TASK OBJECTIVE ->
The material below holds the lines to copy: from the one with "городецкая роспись на" up to and including the one with "Теплі функції автомобілів". Copy them exactly and skip the pictures.

[EXCERPTED RECORDS]

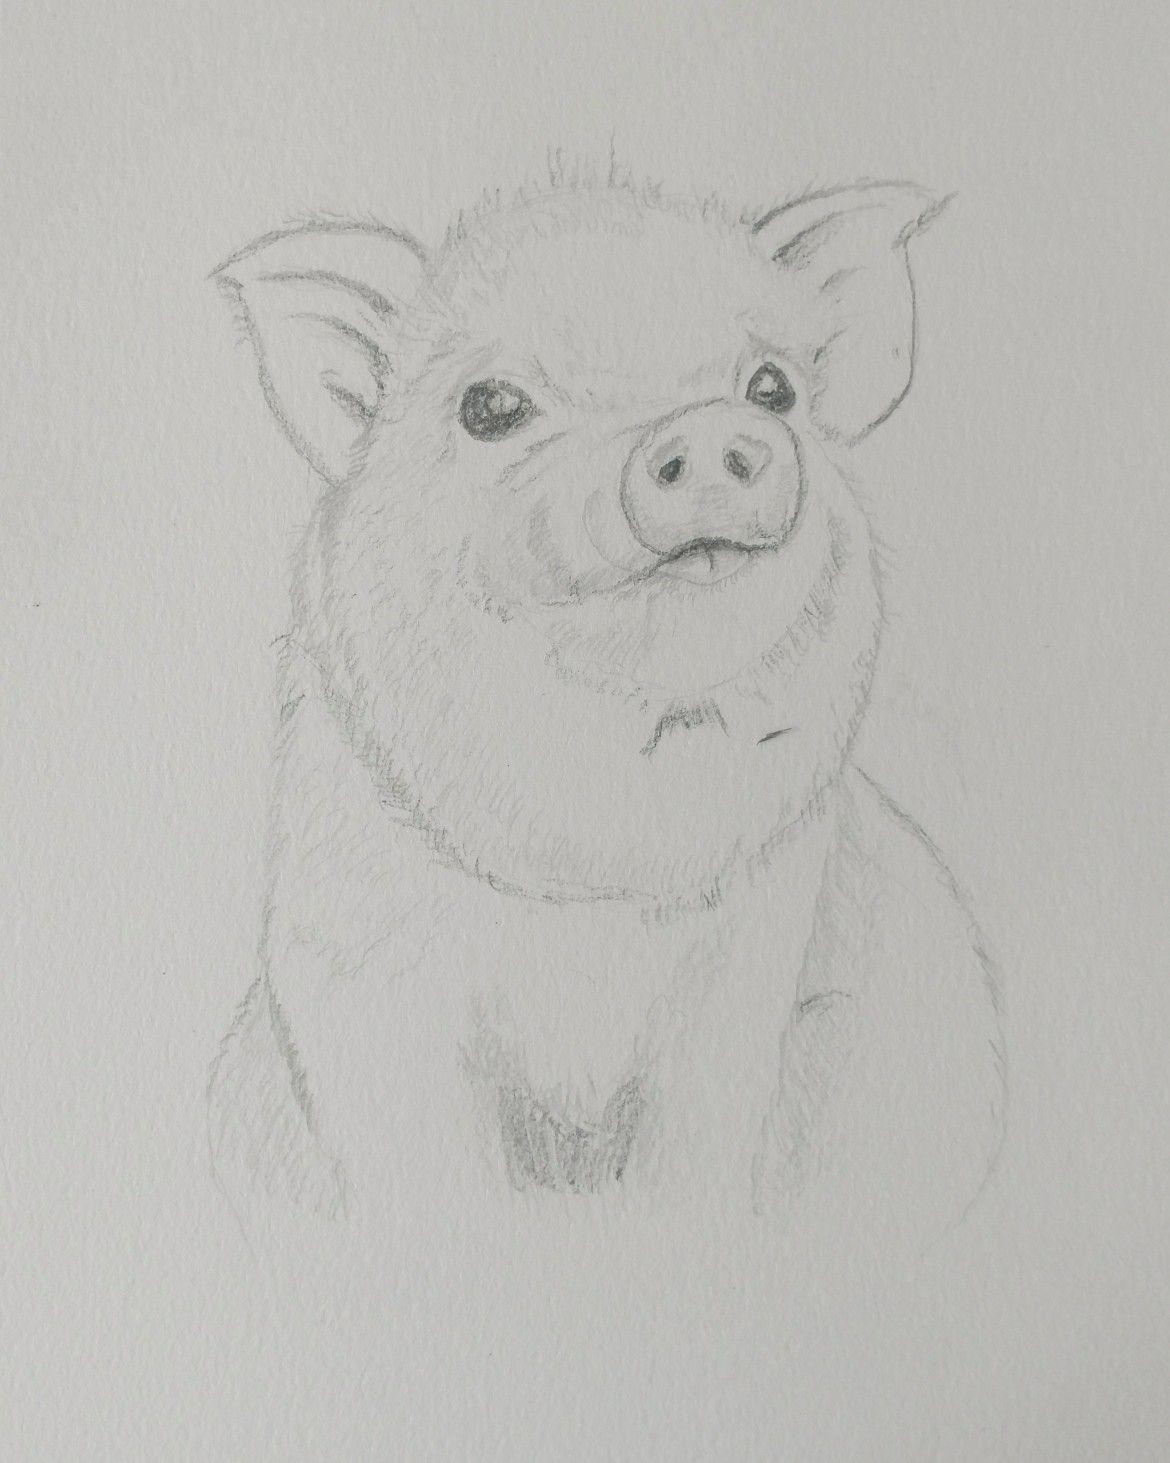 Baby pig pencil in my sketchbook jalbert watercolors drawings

[/EXCERPTED RECORDS]
[EXCERPTED RECORDS]

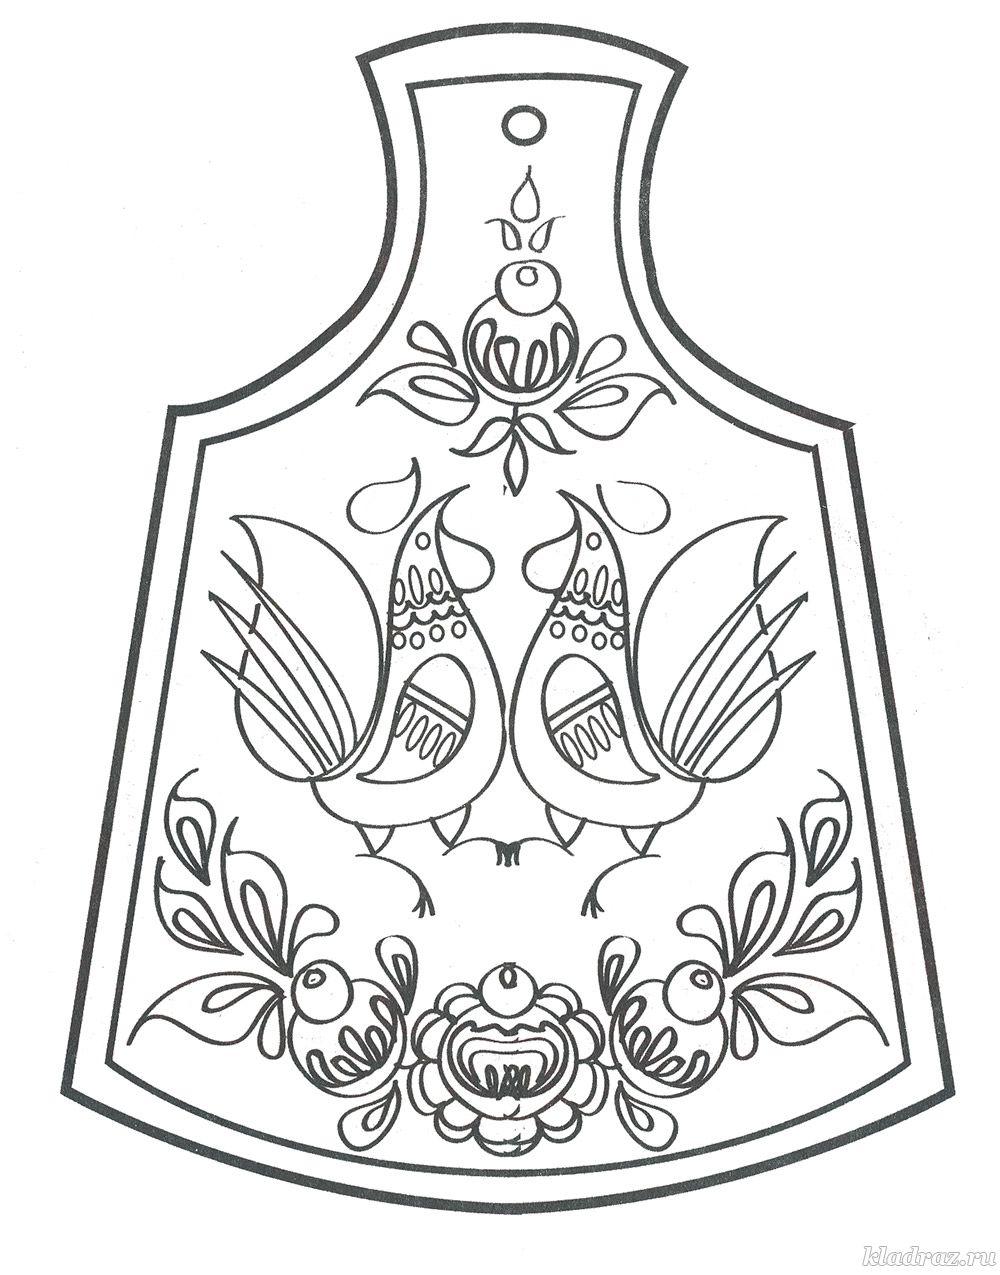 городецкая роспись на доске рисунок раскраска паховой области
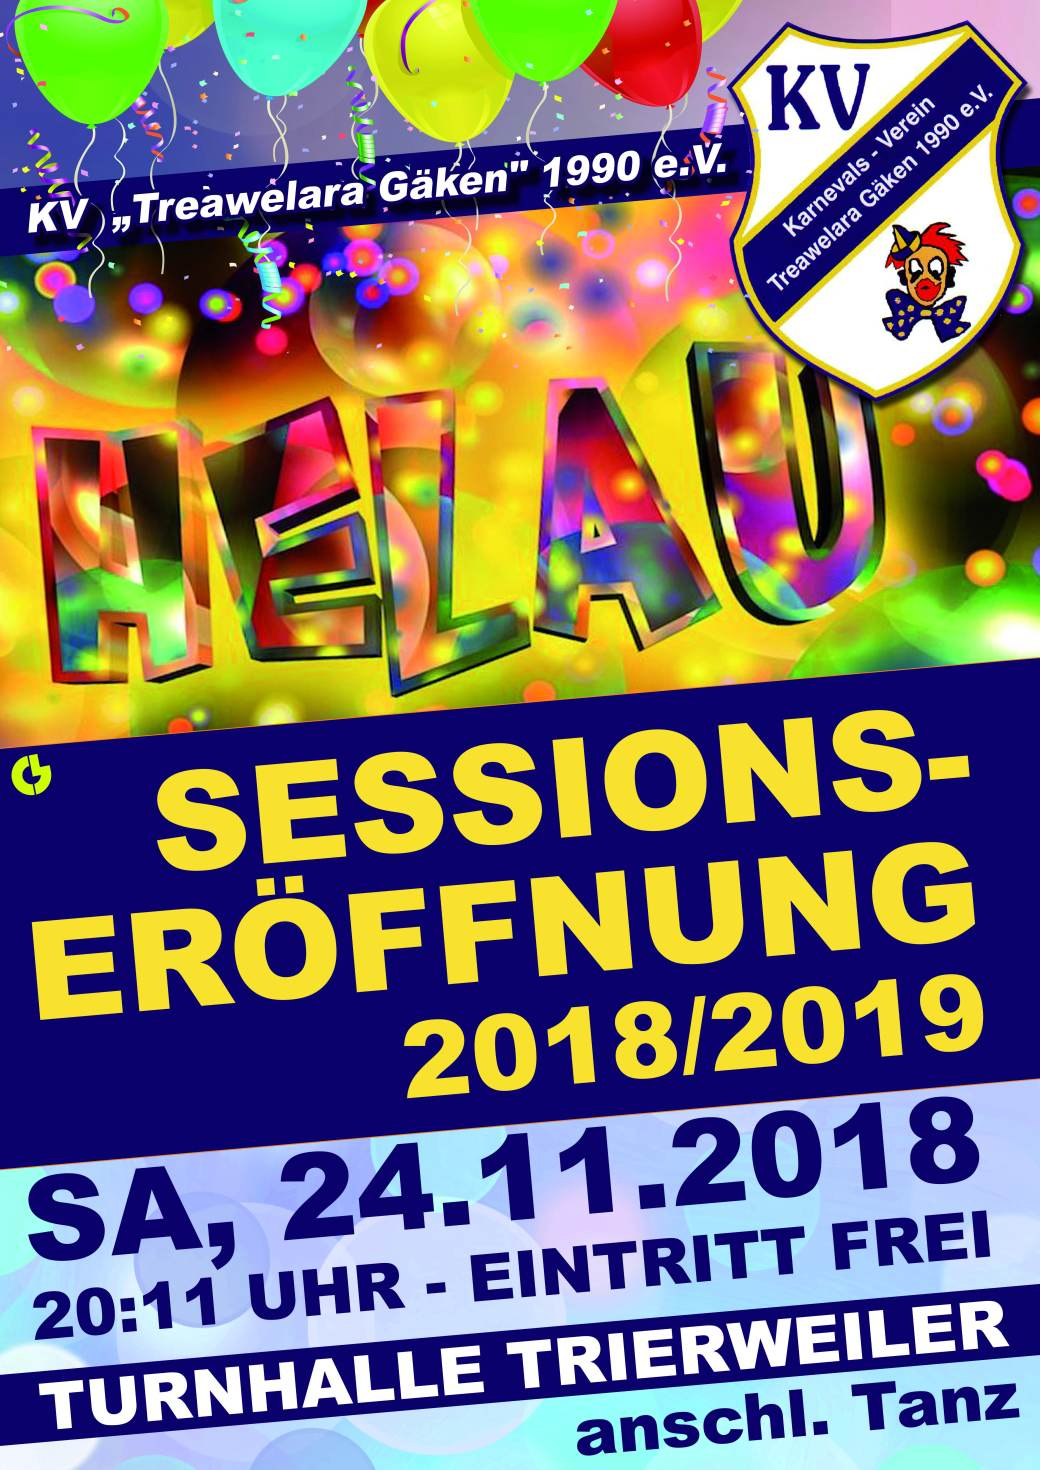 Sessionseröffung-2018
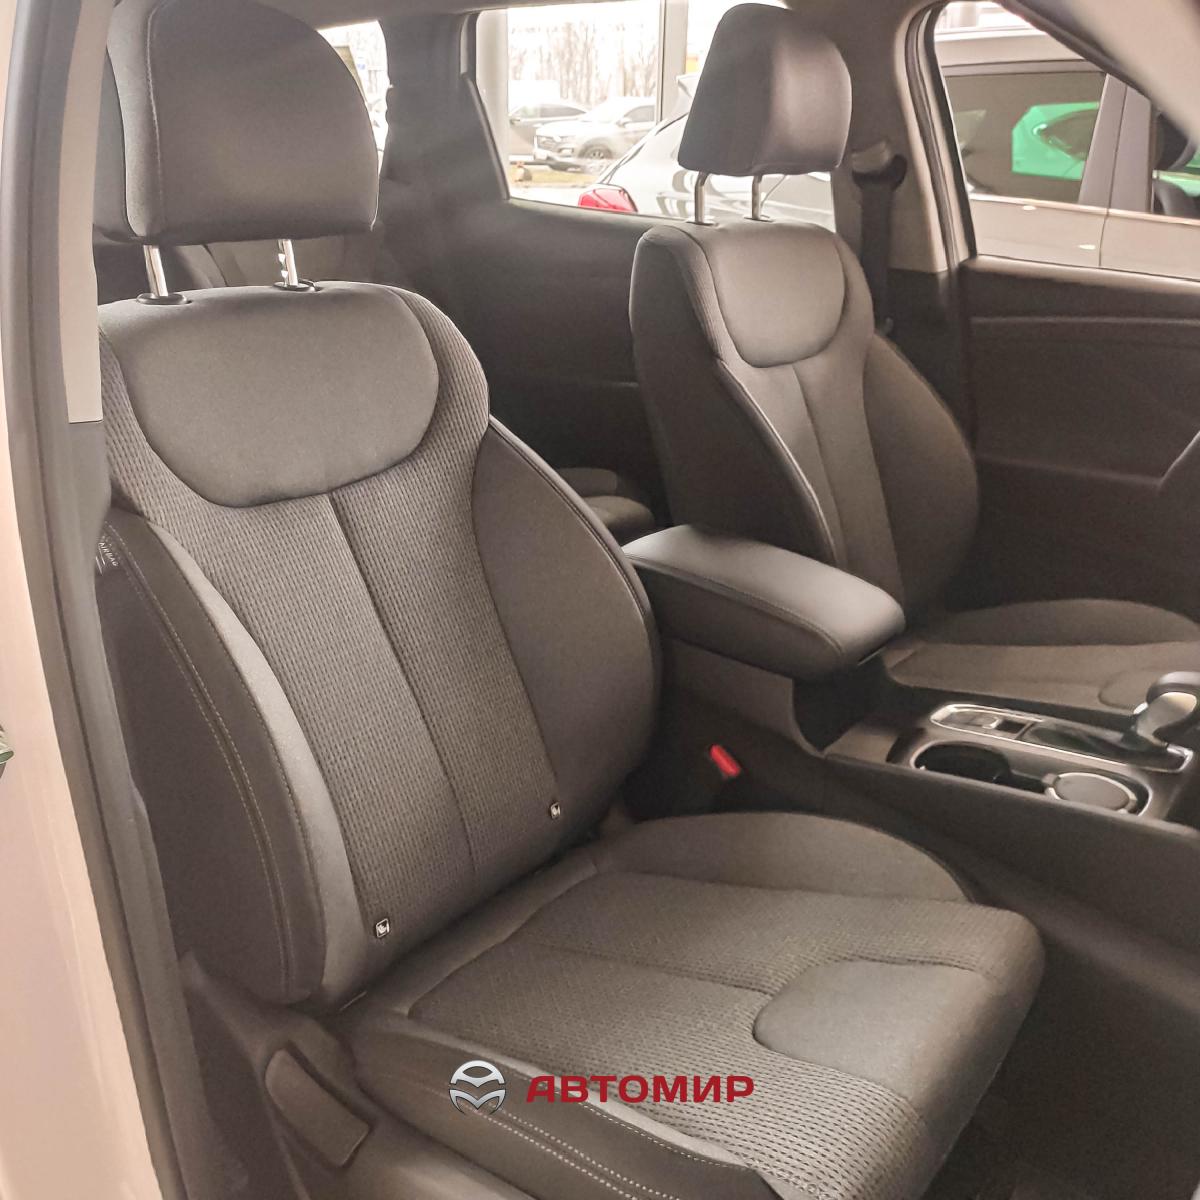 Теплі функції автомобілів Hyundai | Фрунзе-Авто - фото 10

[/EXCERPTED RECORDS]

COMPLETED EXERCISE ->
 городецкая роспись на доске рисунок раскраска паховой области
 Sessionseröffung-2018
 Теплі функції автомобілів Hyundai | Фрунзе-Авто - фото 10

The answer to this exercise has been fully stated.